Les candidats d’extrême droite à la présidence brésilienne Cabo Daciolo (à gauche) et Jair Bolsonaro (à droite) lors du deuxième débat télévisé, le 7 août, à Sao Paulo. / NELSON ALMEIDA / AFP

Dans les coulisses, quelques heures après avoir considéré les critiques de son programme comme des « analphabètes », le candidat d’extrême droite, Jair Bolsonaro aurait lancé : « il n’y aura pas de pupitre pour les bandits ici, non. » Une référence à la place inoccupée par le candidat Luiz Inacio Lula da Silva, candidat à la présidentielle du Brésil malgré son emprisonnement pour des faits de corruption. Ce vendredi 17 août, dans les studios de la chaîne RedeTV à 22 heures, heure de Brasilia, le pupitre mentionnant le nom de Lula a bien été retiré in extremis pour ne pas froisser les débatteurs.

Pourtant, jamais le fantôme de l’ancien chef d’Etat n’aura autant hanté les débats entre les postulants pour la présidence brésilienne de cette étrange campagne où, à six semaines des élections, « 143 millions d’électeurs ne connaissent pas encore la liste définitive des candidats », soulignait sur Twitter le blogueur Ricardo Noblat.

Une décision attendue

Défiant la justice, considérant la condamnation de son leader inique et illégale, le Parti des travailleurs (PT, gauche) a confirmé, mercredi 15 août, la candidature de l’ancien syndicaliste pour la présidence et de Fernando Haddad, l’ancien maire de Sao Paulo, pour la vice-présidence. Contestée par divers adversaires et par la procureure générale de la République, la présence de Lula à l’élection est suspendue désormais à la validation ou non du Tribunal supérieur électoral. La décision est attendue dans les prochains jours.

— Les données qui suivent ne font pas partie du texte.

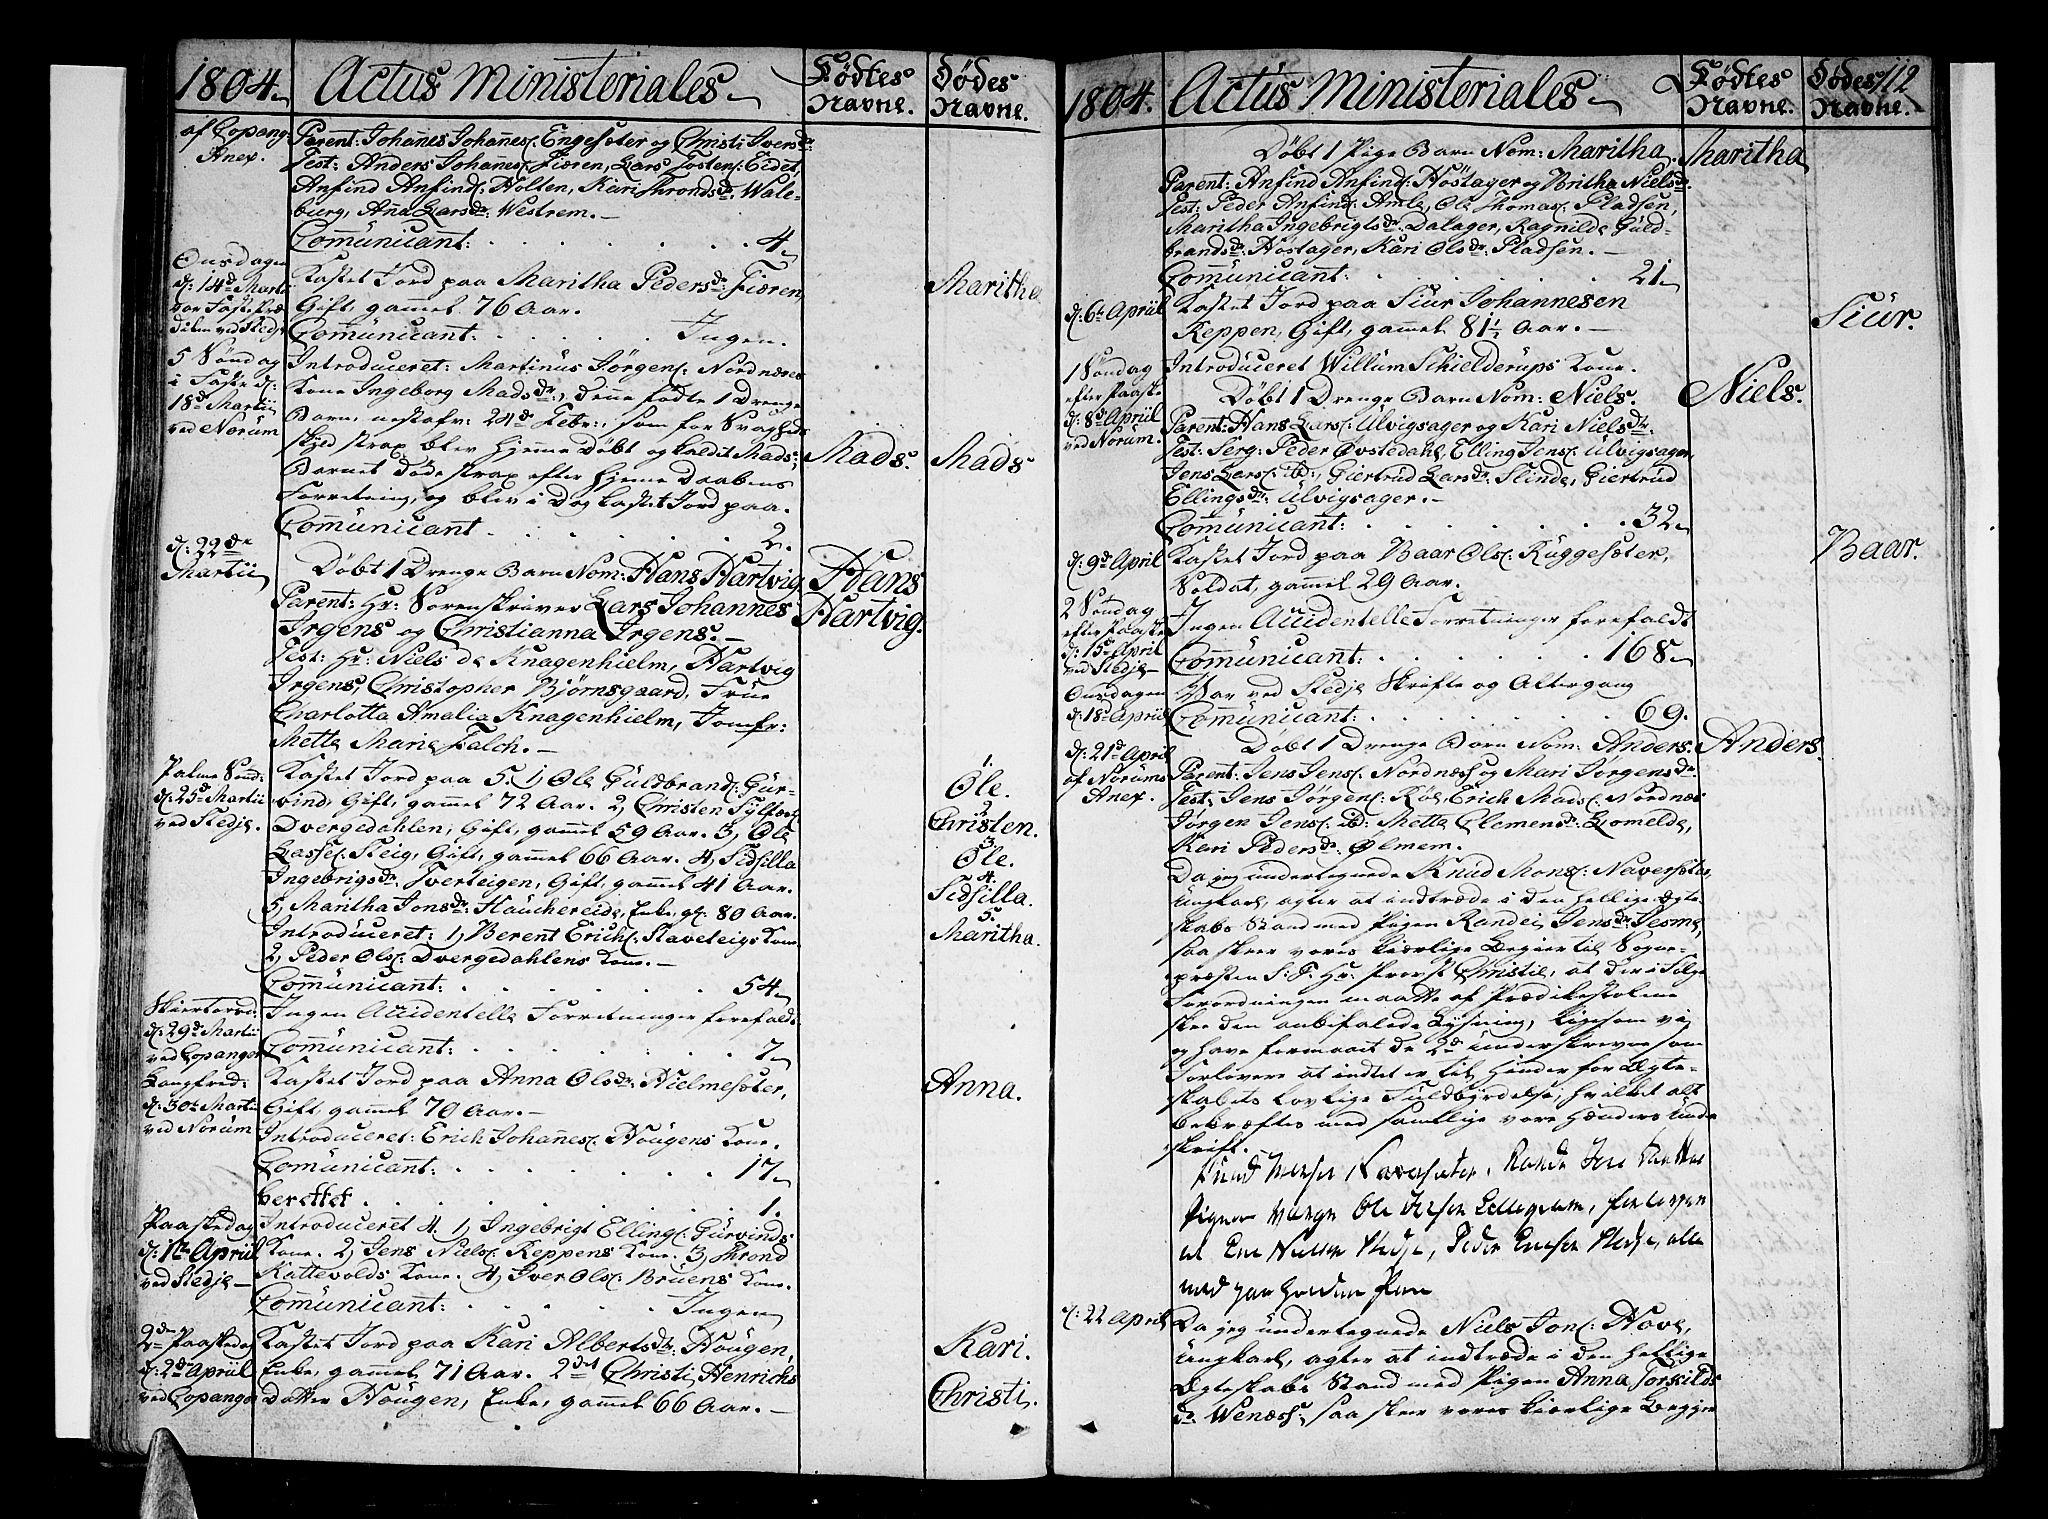 SAB, Sogndal sokneprestembete, H/Haa/Haaa/L0008: Parish register (official) no. A 8, 1795-1809, p. 112

Mais dans l’après-midi de vendredi un comité d’experts de l’Organisation des Nations unies (ONU) est venu ajouter à la confusion. Réclamant que « le Brésil prenne toutes les mesures nécessaires pour garantir que Lula puisse exercer droits politiques depuis sa prison, comme candidat à l’élection présidentielle de 2018 » le comité précise : « ceci inclut l’accès à la presse et aux membres de son parti politique. »

Selon Sarah Cleveland rapporteure de la décision du comité de l’ONU interrogée par le quotidien Folha de Sao Paulo, la principale demande des avocats de Lula, à savoir d’exiger sa libération, n’a pas été acceptée. « La demande que nous avons faite au gouvernement brésilien est limitée », estime-t-elle.

Forte « valeur symbolique »

Il n’empêche, l’avis des dix-huit experts indépendants a été considéré comme une « ingérence inopportune » par le ministre de la justice Torquato Jardim. Tandis que le ministère des affaires étrangères jugeait la déclaration « sans effet ».

« La décision préliminaire, sans pouvoir de sanction, a peu de chance d’inverser le cours des choses », confirme Laura Weisbisch, chercheuse au Centre brésilien d’analyse et de planification (Cebrap) estimant la candidature de Lula peu probable. Le Brésil est déjà, par le passé, passé outre des recommandations d’instances supranationales, notamment au sujet du barrage de Belo Monte sous le gouvernement de Dilma Rousseff, dauphine de Lula, souligne la chercheuse. « Mais la valeur symbolique de cette décision est forte. Elle renforce le discours d’illégitimité de la sanction contre Lula », ajoute Mme Weisbisch. Le PT n’est plus seul à s’indigner, il a, avec lui, une organisation internationale de quoi radicaliser ses troupes.

Jusqu’où ira la contestation ? Vendredi soir, nul n’était en mesure d’évaluer les répercussions de cette décision sur l’élection. Et à ce stade aucun candidat présent aux débats n’a semblé capable de faire bouger les lignes d’un scrutin hautement incertain.